> _Task to complete_: Print out the data that follows exactly, character for character, apart from the pictures.

::: Data provided

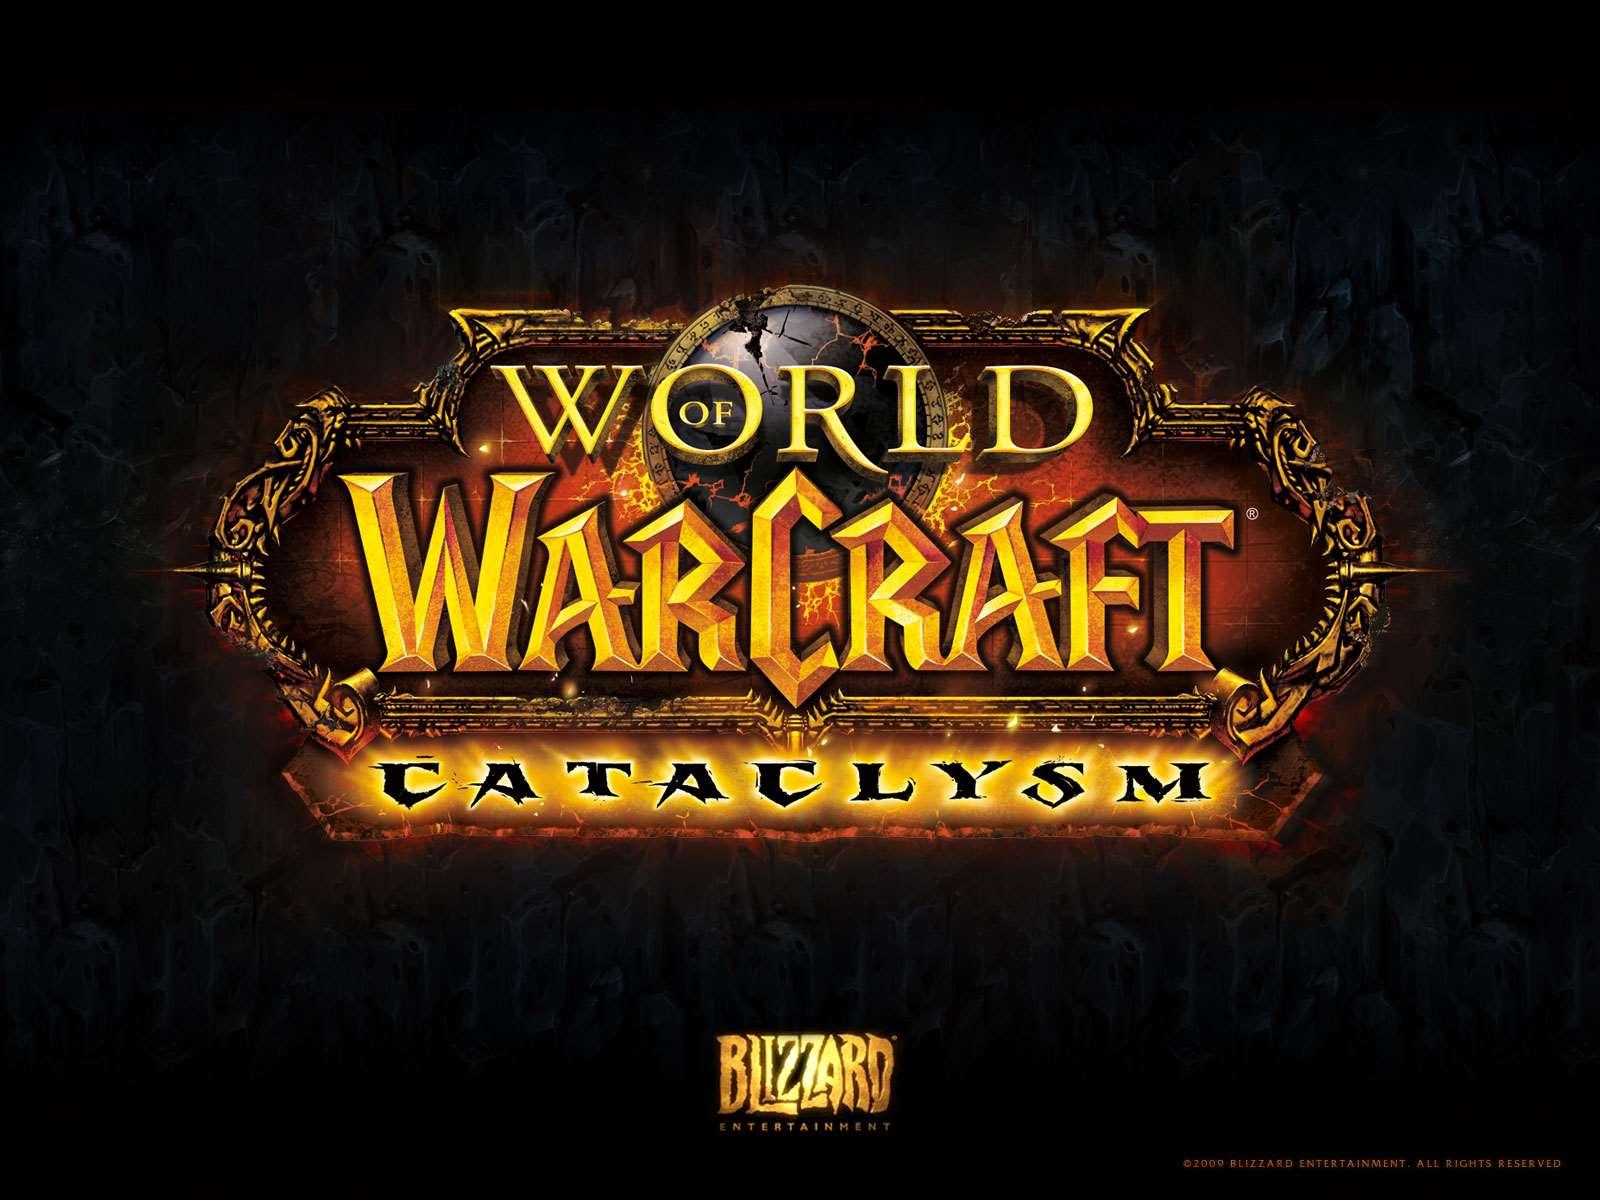 World Of Warcraft Wow Cataclysm Wallpaper Logo Wallpaper
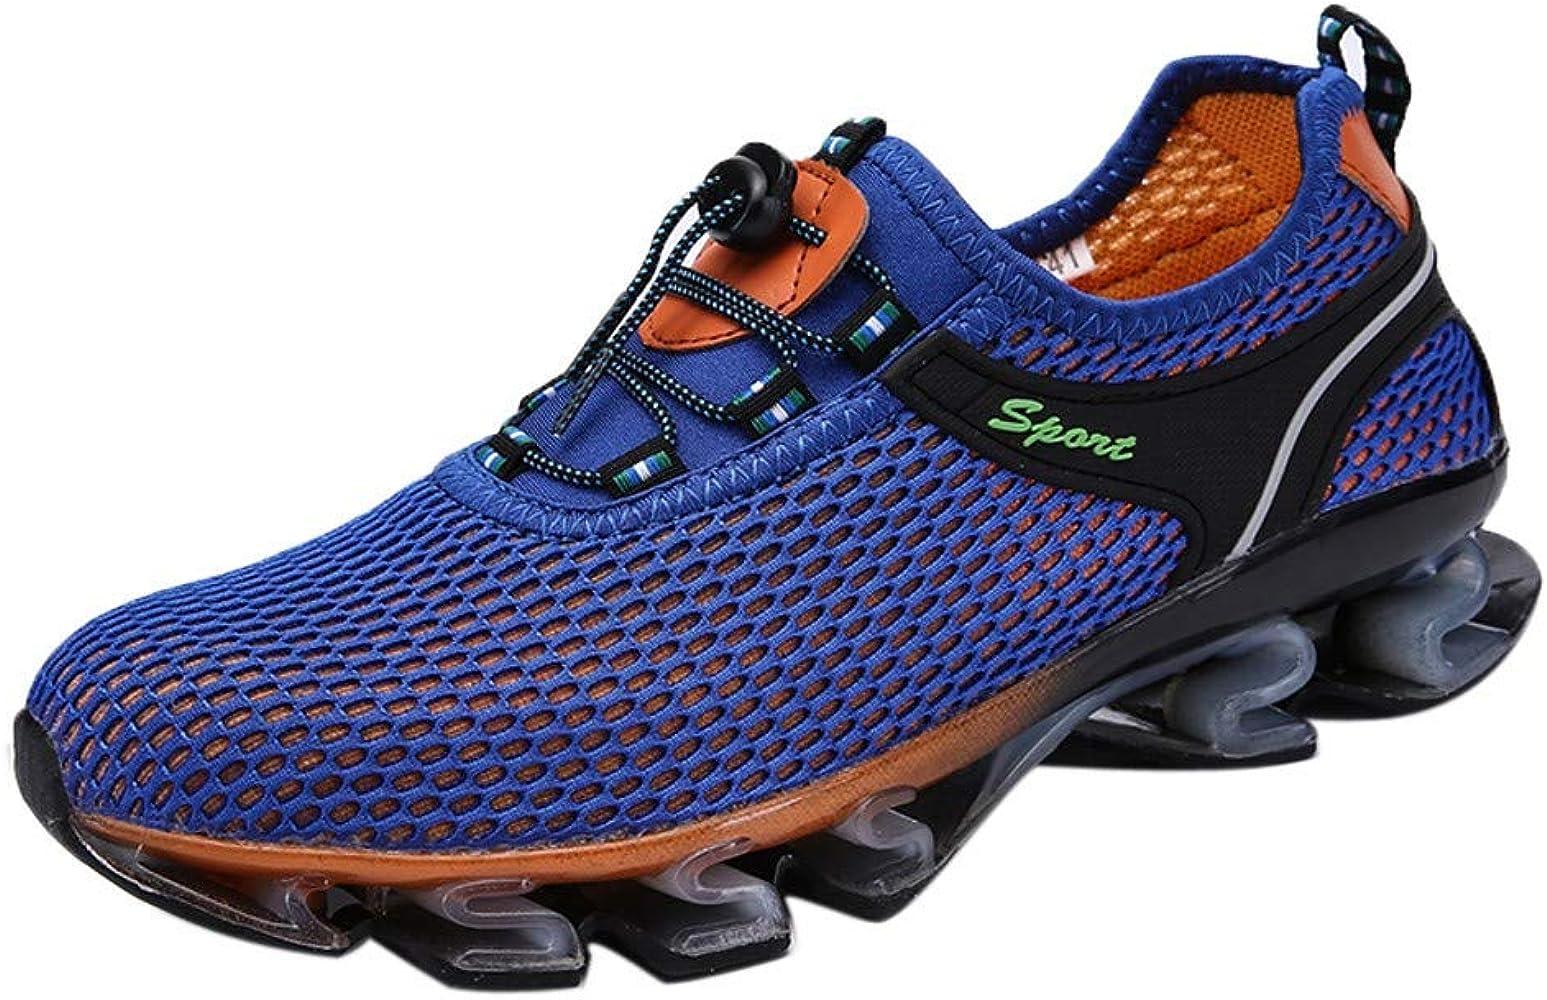 Berimaterry Zapatillas de Running para Mujer Zapatillas de Hockey para césped Turf para Mujeres, Zapatillas Deportivas para Exteriores Correr Air Amortiguación: Amazon.es: Ropa y accesorios
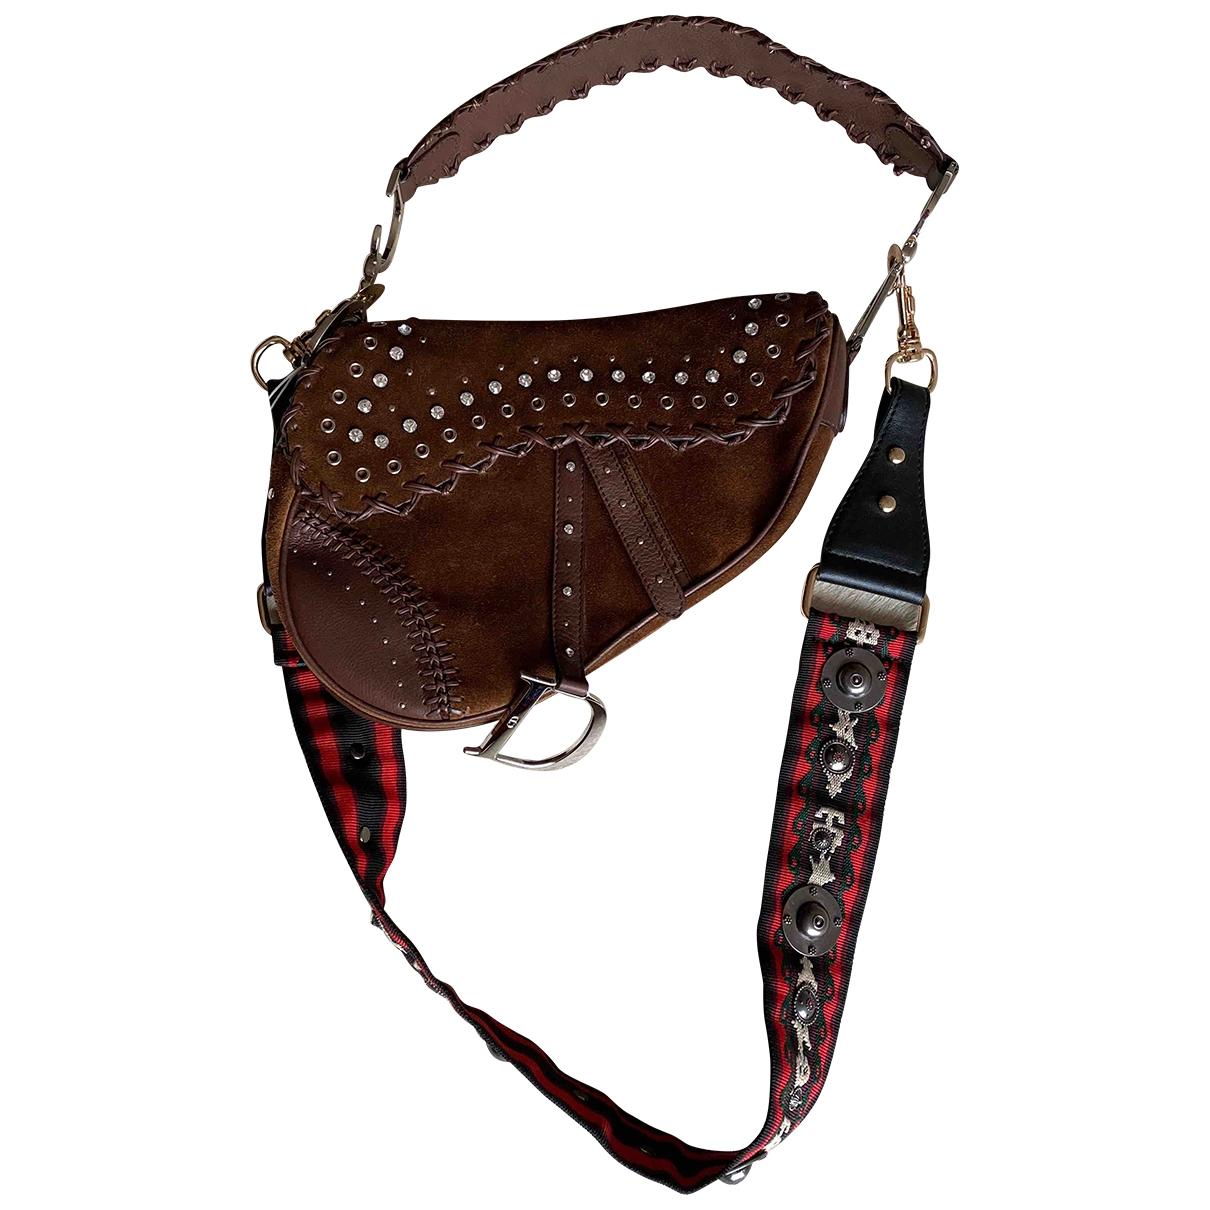 Dior - Sac a main Saddle pour femme en suede - camel
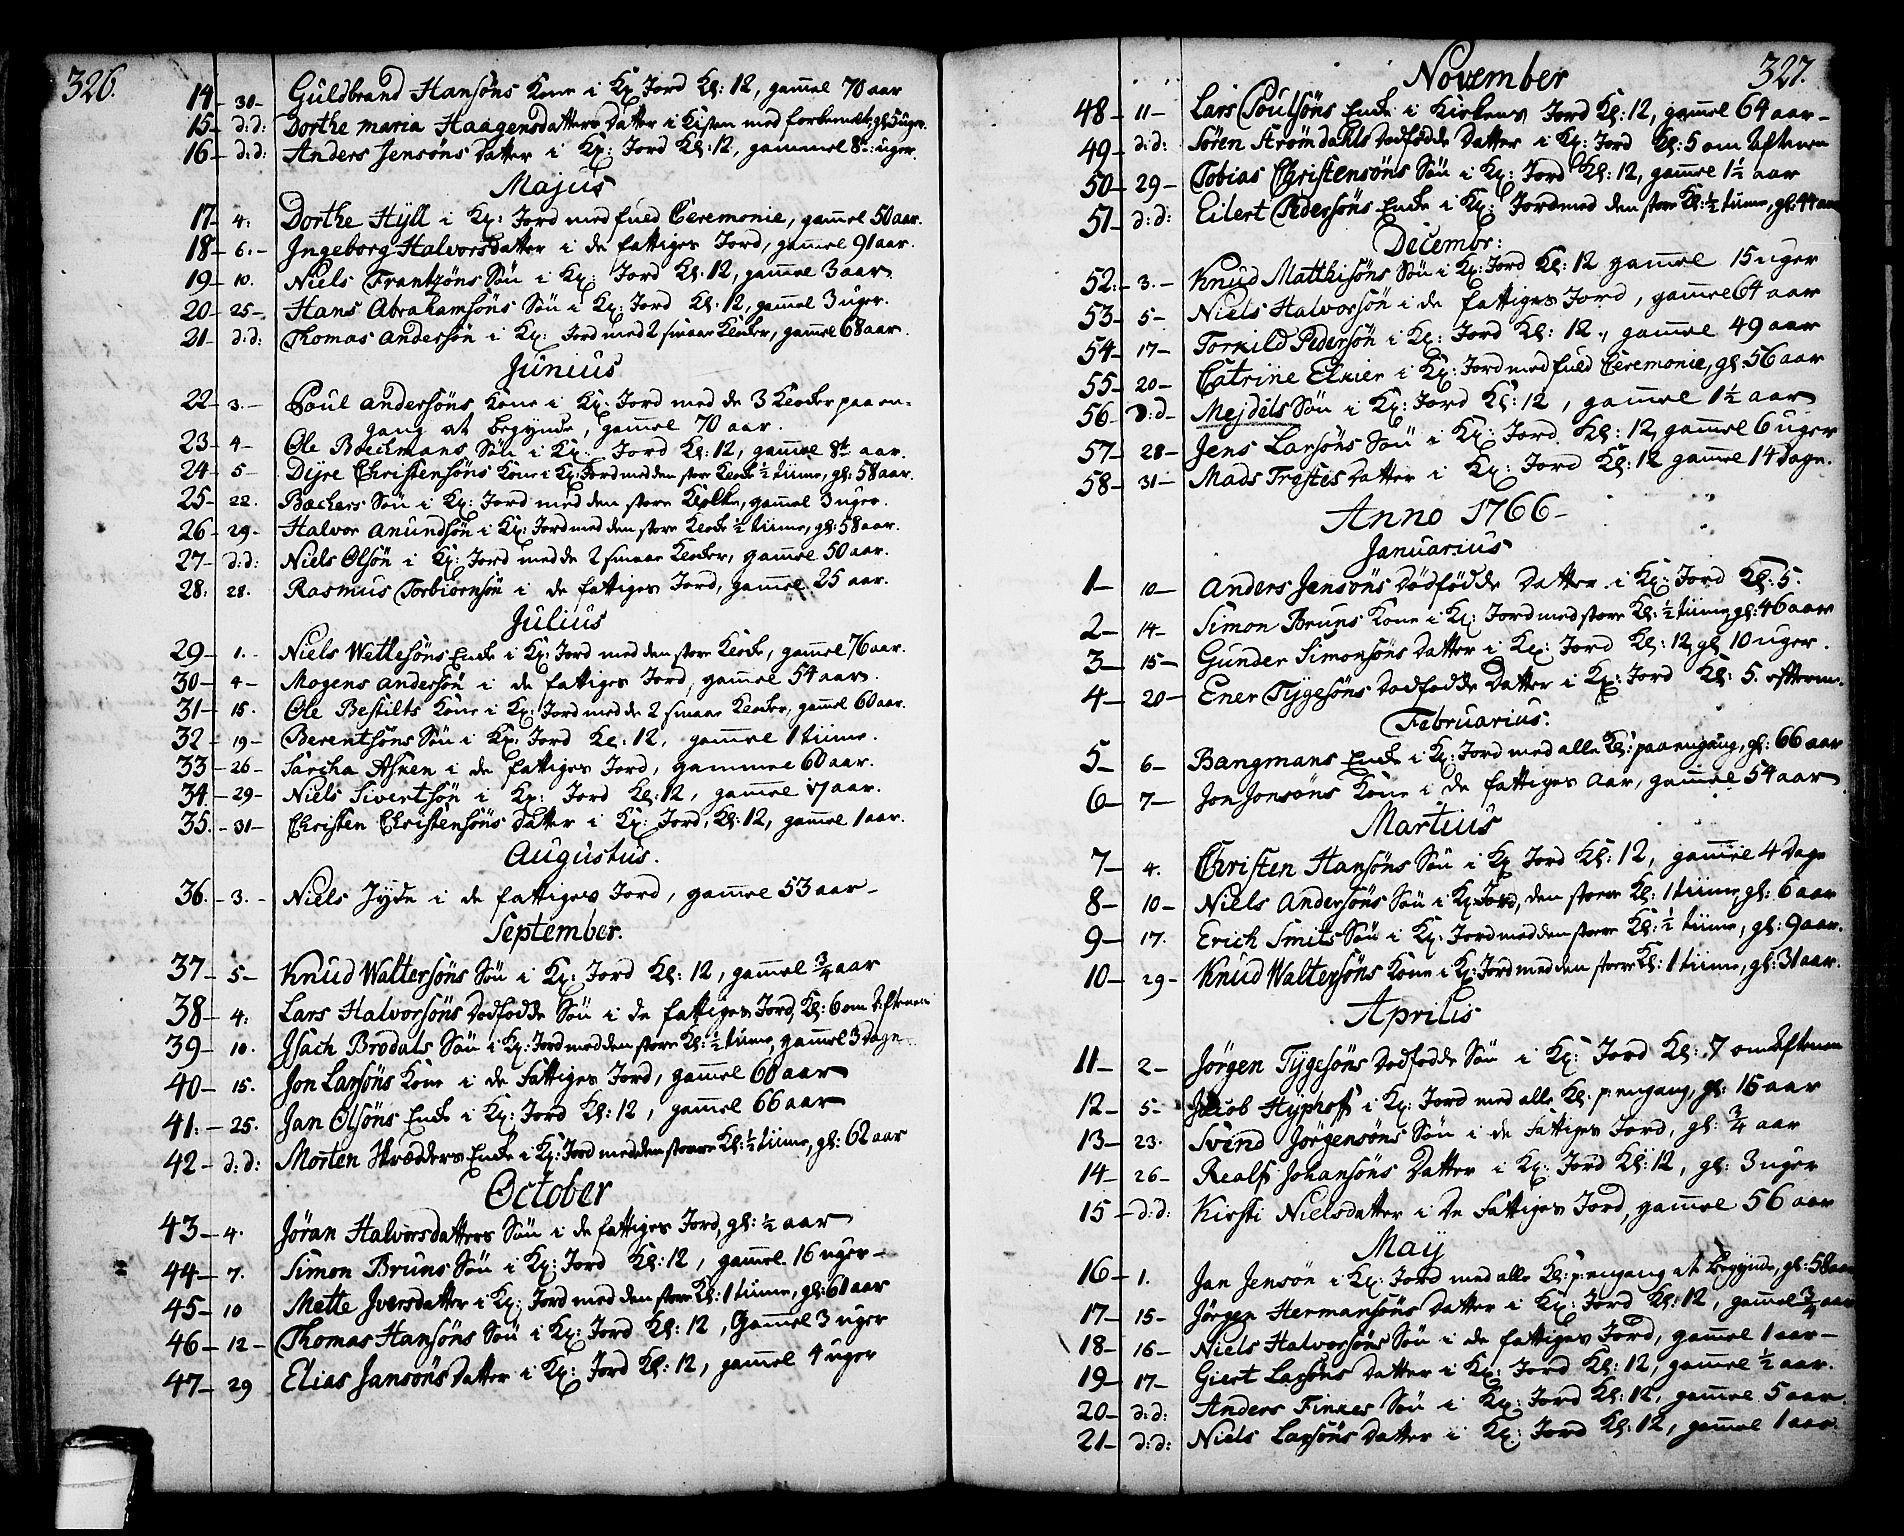 SAKO, Skien kirkebøker, F/Fa/L0003: Ministerialbok nr. 3, 1755-1791, s. 326-327

::::::

> _Answer below_:
 World Of Warcraft Wow Cataclysm Wallpaper Logo Wallpaper
 Berimaterry Zapatillas de Running para Mujer Zapatillas de Hockey para césped Turf para Mujeres, Zapatillas Deportivas para Exteriores Correr Air Amortiguación: Amazon.es: Ropa y accesorios
 Dior - Sac a main Saddle pour femme en suede - camel
 SAKO, Skien kirkebøker, F/Fa/L0003: Ministerialbok nr. 3, 1755-1791, s. 326-327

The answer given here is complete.